Sky’s share price was up 20.64% at £13.33 at 5.44 a.m. ET on Feb. 27.

Comcast Chairman and CEO Brian Roberts said during a Feb. 27 analyst call that with Sky’s leadership in the “highly attractive” European market, combined with greater prospects for more international revenues, the deal offered “compelling” strategic benefits for shareholders.

He said NBC already produces content in multiple languages around the world and that an offer for Sky would accelerate those efforts.

“Local content is a strategy that has been working throughout the world,” Roberts said, adding that the group would follow Sky’s market-by-market approach in Europe.

A takeover of Sky would expand Comcast’s revenues from outside the U.S. from a 9% share of total earnings to 25%, Roberts added.

Liberum analyst Ian Whittaker thinks there is a strong rationale for Comcast to buy Sky; the acquisition would give it immediate leadership positions in the British, German and Italian pay TV markets and a presence in Spain.

‘Very powerful’ network

“At the moment, Comcast does have a presence in these markets, mainly through its NBCUniversal film and TV assets, but [Sky] would give it a very powerful distribution pan-European network,” Whittaker said.

Comcast already owns “Downton Abbey” producer Carnival Films, which is based in London, and Roberts said the company is prepared to fund Sky’s continued expansion across Europe.

“We have always said that Comcast has been sniffing around Europe,” said Paolo Pescatore, vice president, multiplay and media at CCS Insight.

“[Comcast’s] bid offers plentiful opportunities for growth beyond the U.S. and we have yet to see the same level of consolidation in this market,” he said.

Sky’s recently laid-out plan to deliver its entire TV product offering online without the need for a satellite dish was hailed by analysts as a game changer and a future-proof strategy in the face of the rapidly growing online video market.

“It is unsurprising that there is significant interest in Sky as it owns a wealth of content and has done a great job of moving into IP distribution. It has all the assets to compete with the web giants,” Pescatore said.

Despite Comcast’s higher offer, it is unlikely Fox will walk away. Pescatore “strongly” expects to see a bidding war for Sky.

Approval far from certain

Given the separate merger between Fox and Walt Disney Co., announced in December 2017, if a takeover of Sky by Fox is approved, Disney would assume full control of Fox’s shares in Sky.

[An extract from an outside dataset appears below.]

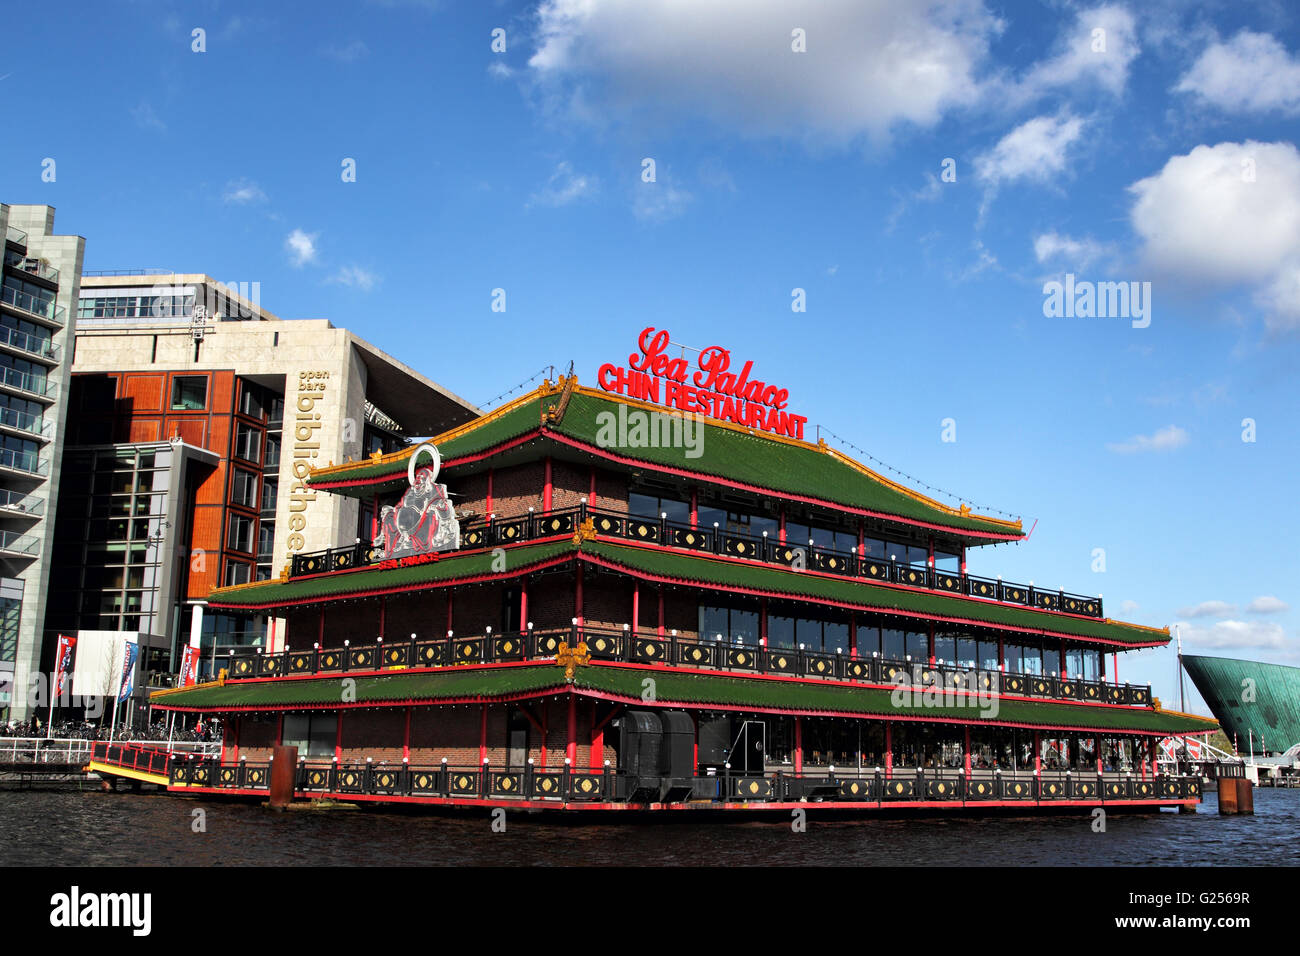 Wonderbaarlijk The floating chinese restaurant Sea Palace in Amsterdam NQ-95
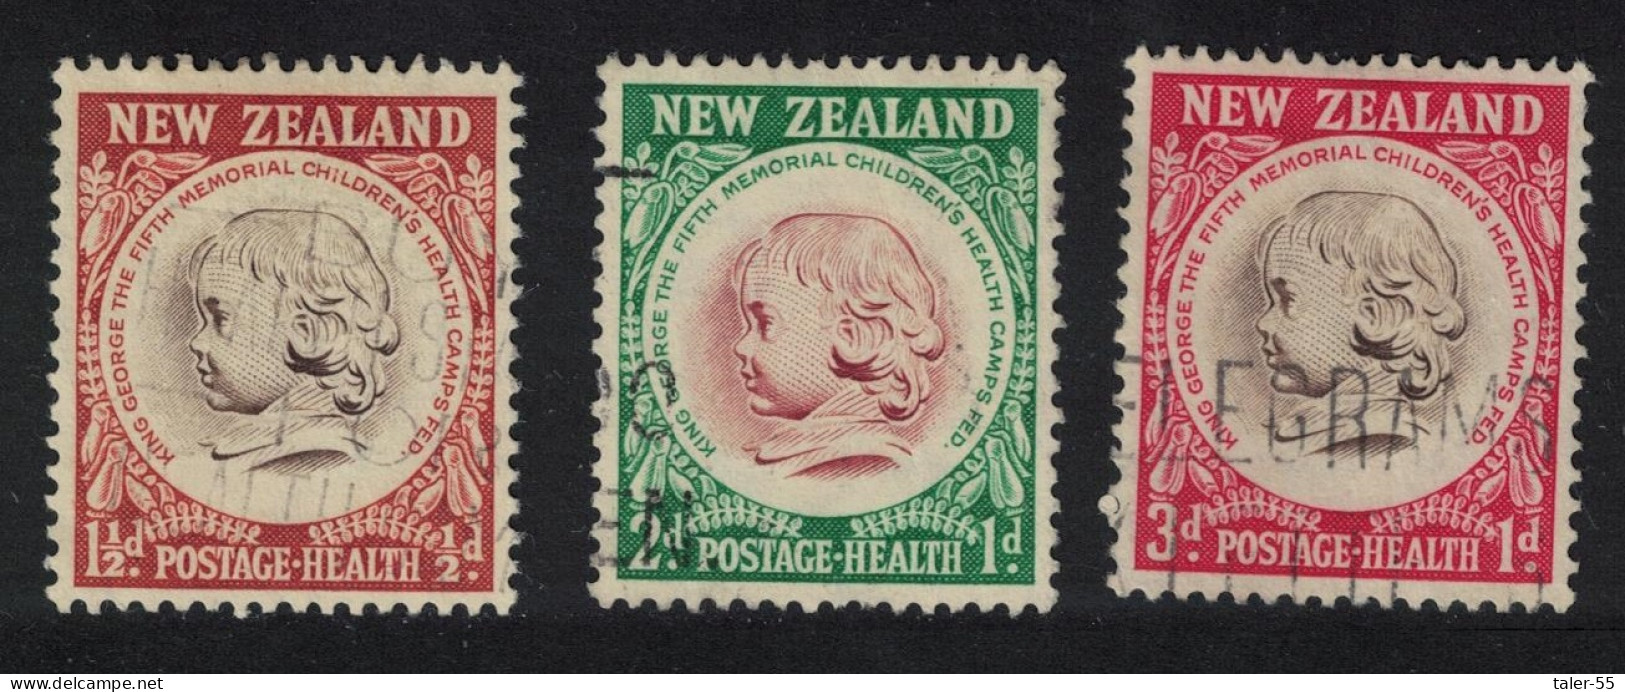 New Zealand Health Camps Federation Emblem 3v 1955 Canc SG#742-744 - Gebraucht

Disney is highly supportive of Fox’s takeover bid.

However, approval is far from certain. So far, only EU antitrust regulators and Ireland haveapproved Fox’s proposal to seize full control of Sky. The deal has faced regulatory headwinds in Britain in recent months.

U.K. antitrust regulator the Competition and Markets Authority provisionally ruled Jan. 23 that Fox’s proposed takeover of Sky would not be “in the public interest” on media plurality grounds, as a takeover by Fox would place Sky News, The Times and The Sun all in the hands of the Murdoch Family Trust.

This would lead to an increase of the Murdochs’ “significant influence” over public opinion and the political agenda in the U.K., the CMA said. The watchdog’s proposed remedies include spinning off or divesting Sky News, blocking the deal entirely or behavioral solutions, such as appointing independent directors.

The deal has also come under political scrutiny due to the involvement of some of Murdoch’s former newspapers, including the now-defunct News of the World, in the notorious U.K. phone-hacking scandal that involved more than 4,000 potential victims.

When approached by S&P Global Market Intelligence, Sky was unavailable to comment. However, it did release a statement Feb. 27 saying that “shareholders are advised to take no action” at this point.